Multi-model orchestration
The moa tool calls multiple LLMs simultaneously and synthesizes their responses. Useful for high-stakes decisions where you want diverse perspectives.
Reinforcement learning
Hermes has experimental RL support for fine-tuning the agent's decision-making. This is a research frontier, not yet stable.
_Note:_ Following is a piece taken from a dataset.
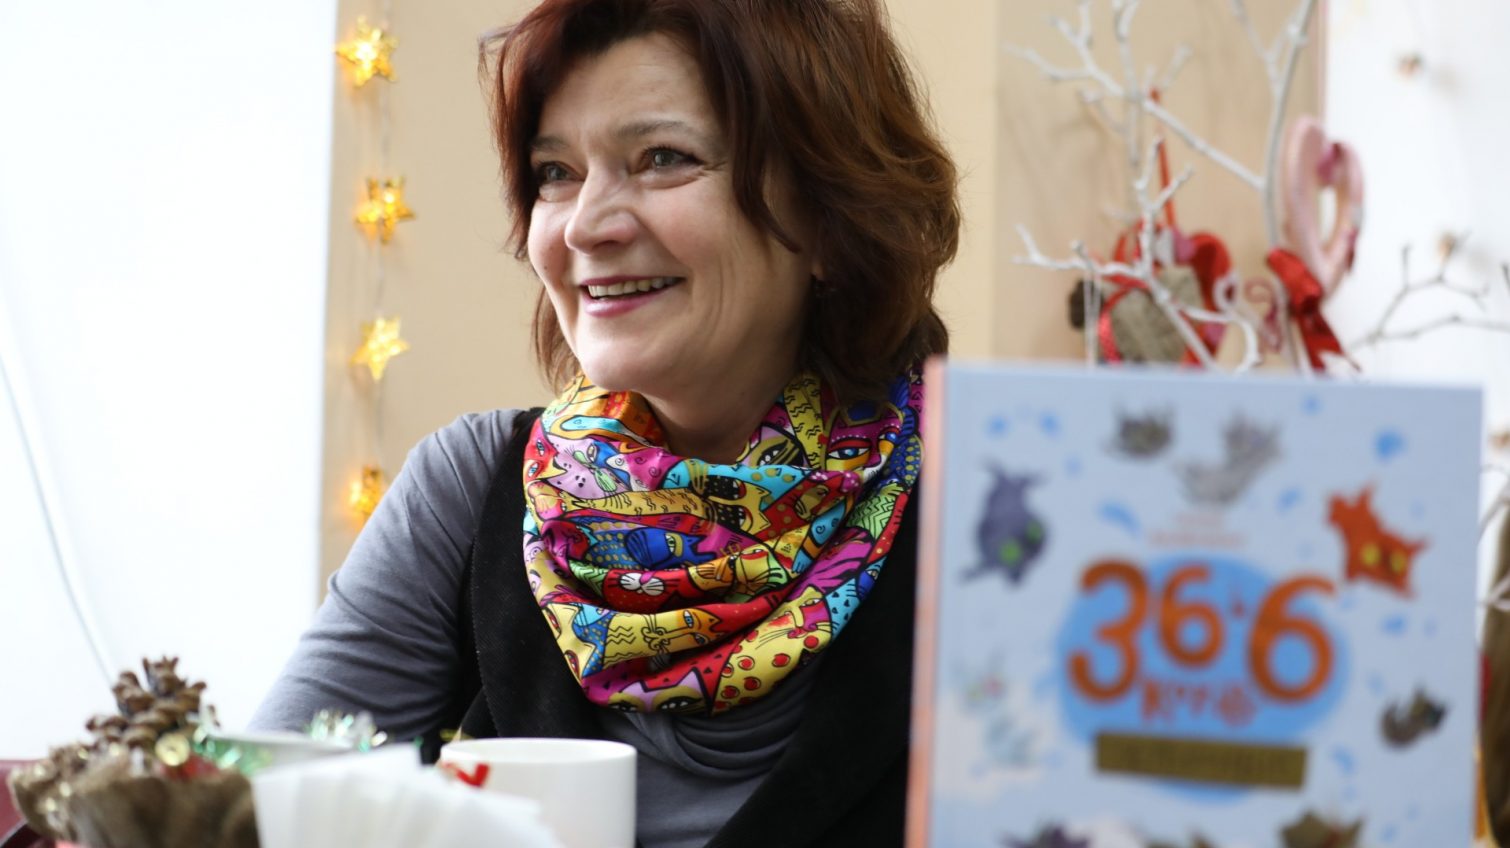 “Порой мы сами создаем легенды”, – украинская писательница и журналист Галина Вдовиченко «фото»
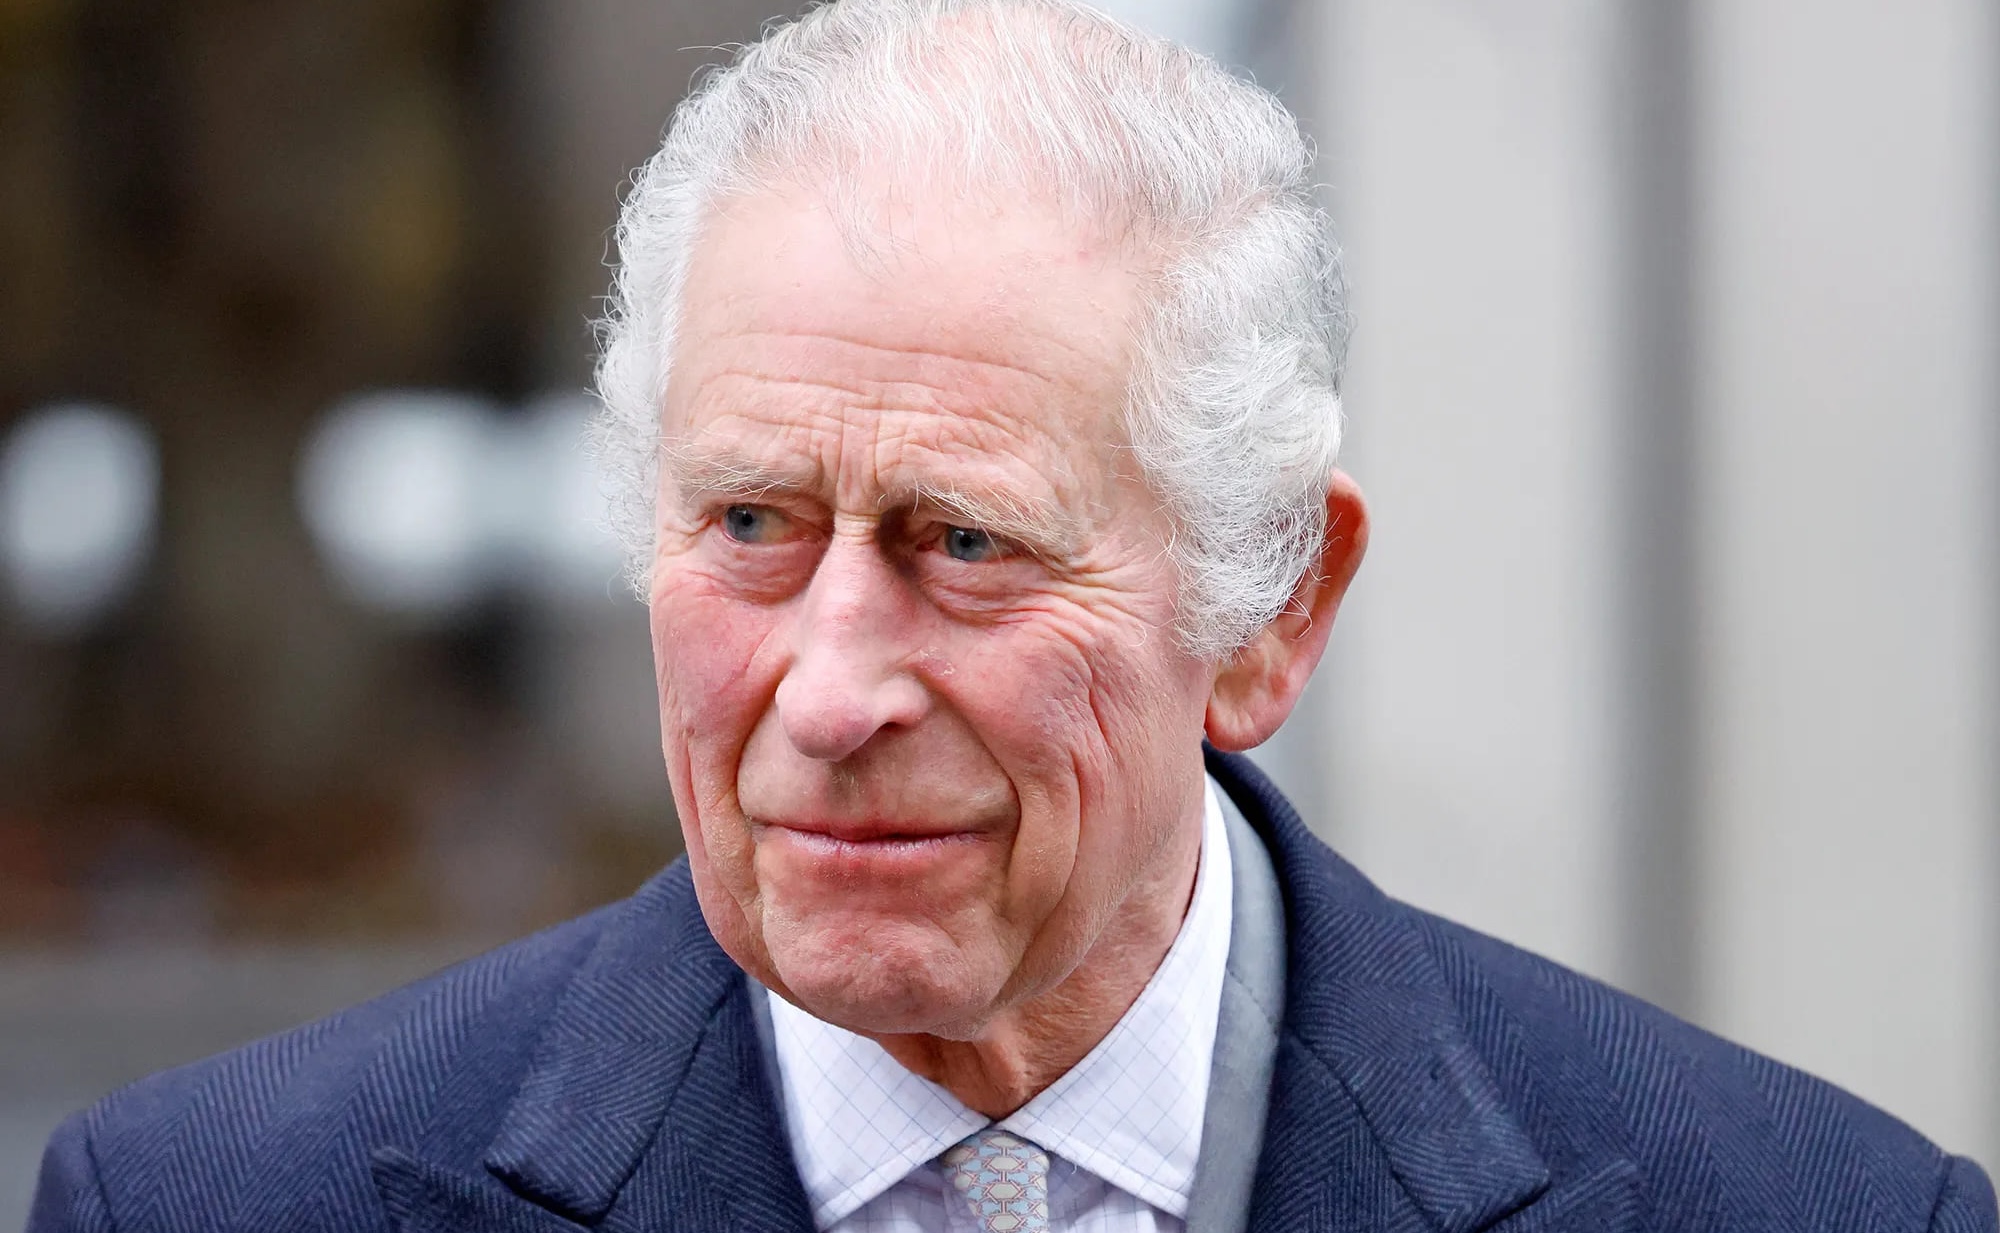 Rey Carlos III revela extraño efecto secundario del tratamiento contra el cáncer

The ceiling of self-improvement
Self-improvement makes the agent run faster in a known direction. But the direction itself still needs a human to set. The agent can optimize its git commit format, but it cannot judge whether the architecture of your system is sound. It can learn your preferences, but it can learn wrong ones too.
The Learning Loop relies on feedback quality. When you provide clear corrections ("add Discussions to the GitHub digest"), the system works beautifully. When you say nothing, the agent evaluates itself using its own criteria. "Faster" does not always mean "correct."
As you extend your minimal agent, remember: the mechanisms work. The harder problem is pointing them in the right direction.